INSTRUCTIONS TO FOLLOW
Every line of the listing below should be written out exactly, minus its pictures.

** RECORDED DATA follows **

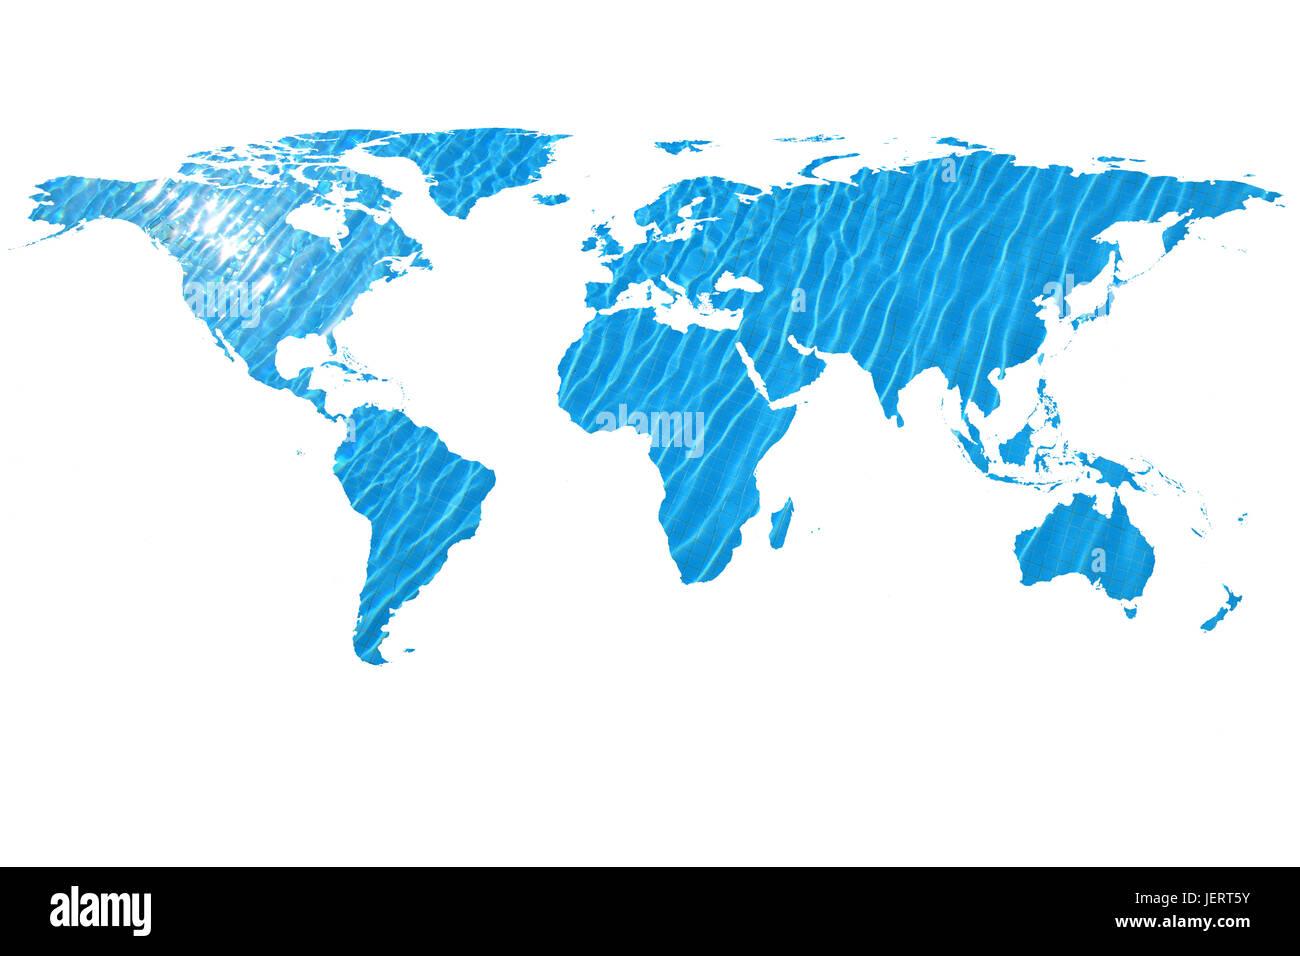 Imagen conceptual de flat mapa del mundo y el agua. NASA mapa del mundo plano imagen utilizada para suministrar Imagen De Stock
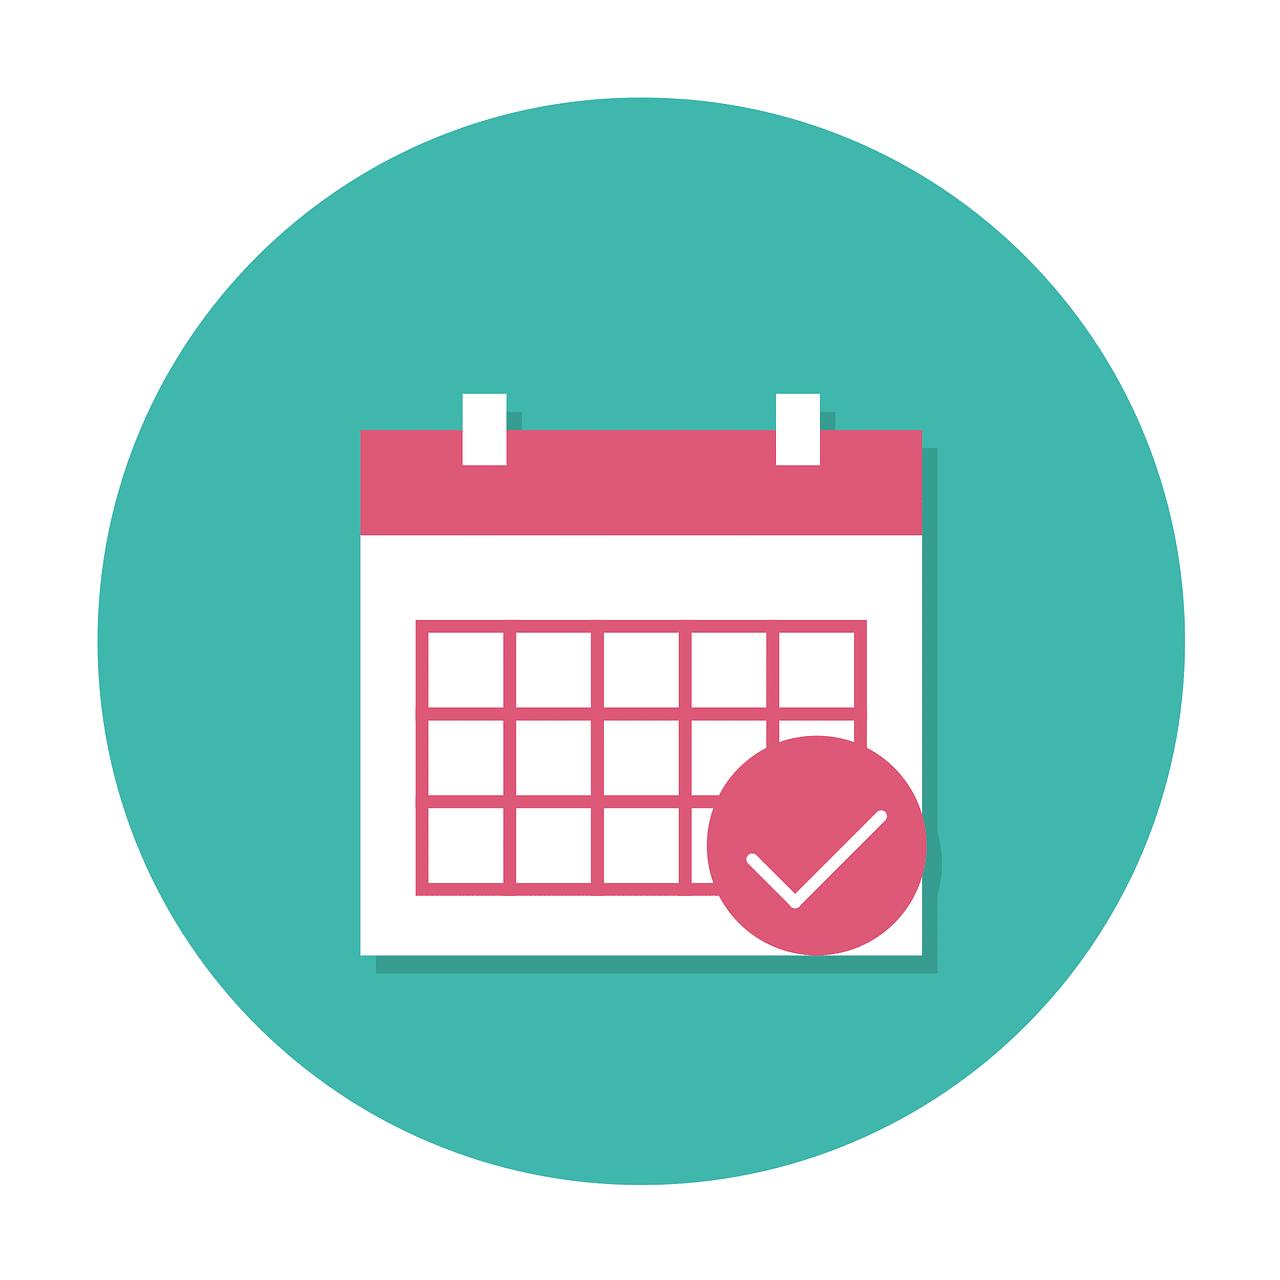 Illustrasjon av kalender. Foto: Pixabay
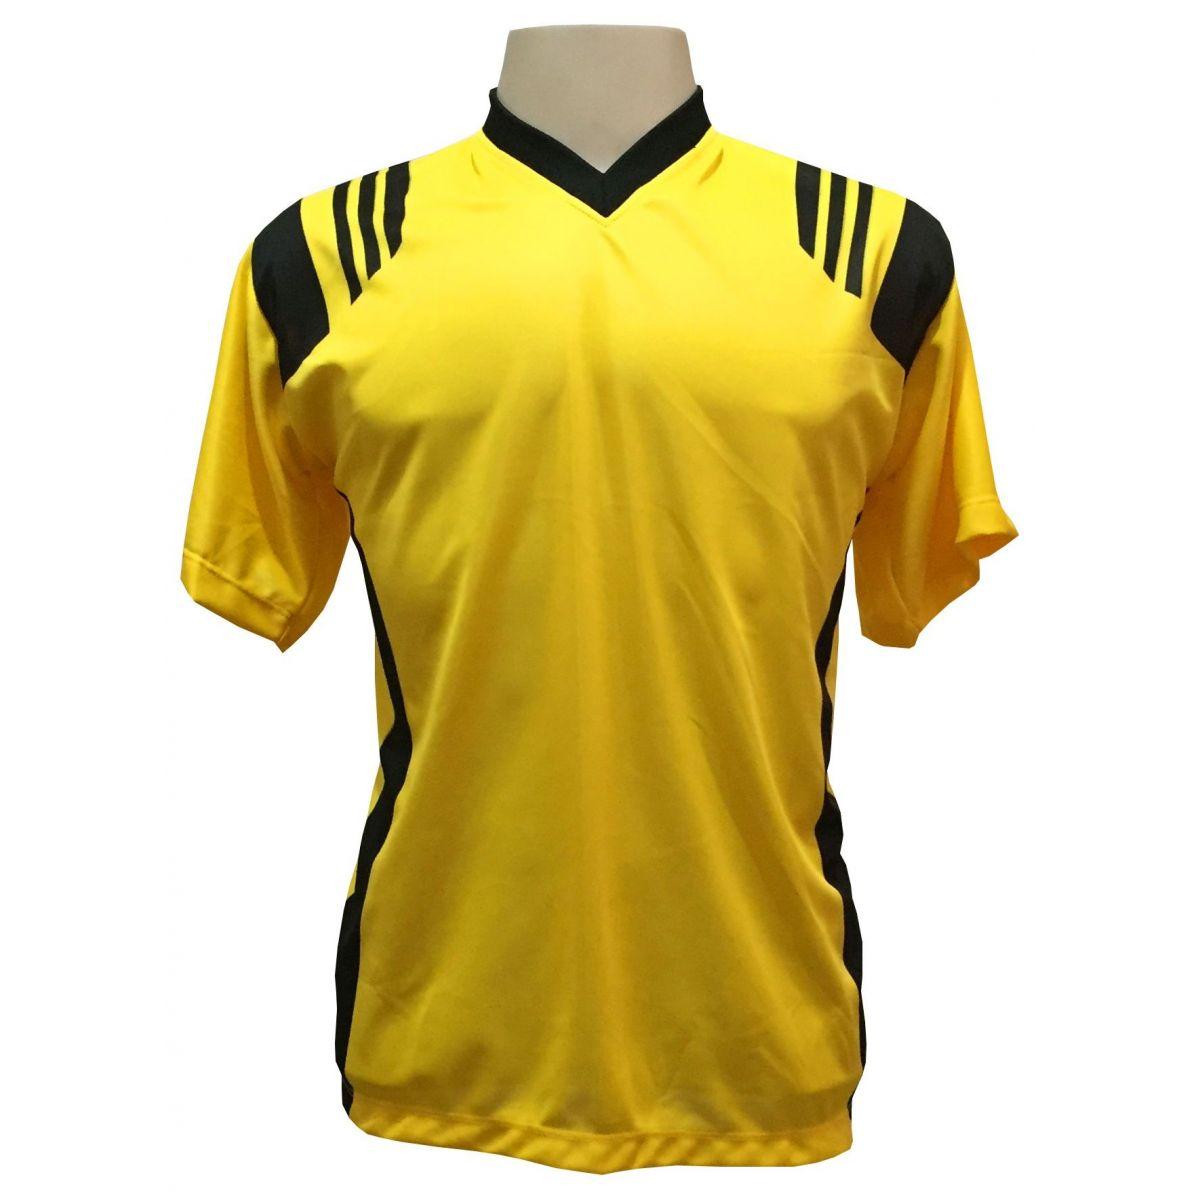 Uniforme Esportivo com 18 camisas modelo Roma Amarelo/Preto + 18 calções modelo Madrid + 1 Goleiro + Brindes

** End of RECORDED DATA **

SOLUTION
 Imagen conceptual de flat mapa del mundo y el agua. NASA mapa del mundo plano imagen utilizada para suministrar Imagen De Stock
 Illustrasjon av kalender. Foto: Pixabay
 Uniforme Esportivo com 18 camisas modelo Roma Amarelo/Preto + 18 calções modelo Madrid + 1 Goleiro + Brindes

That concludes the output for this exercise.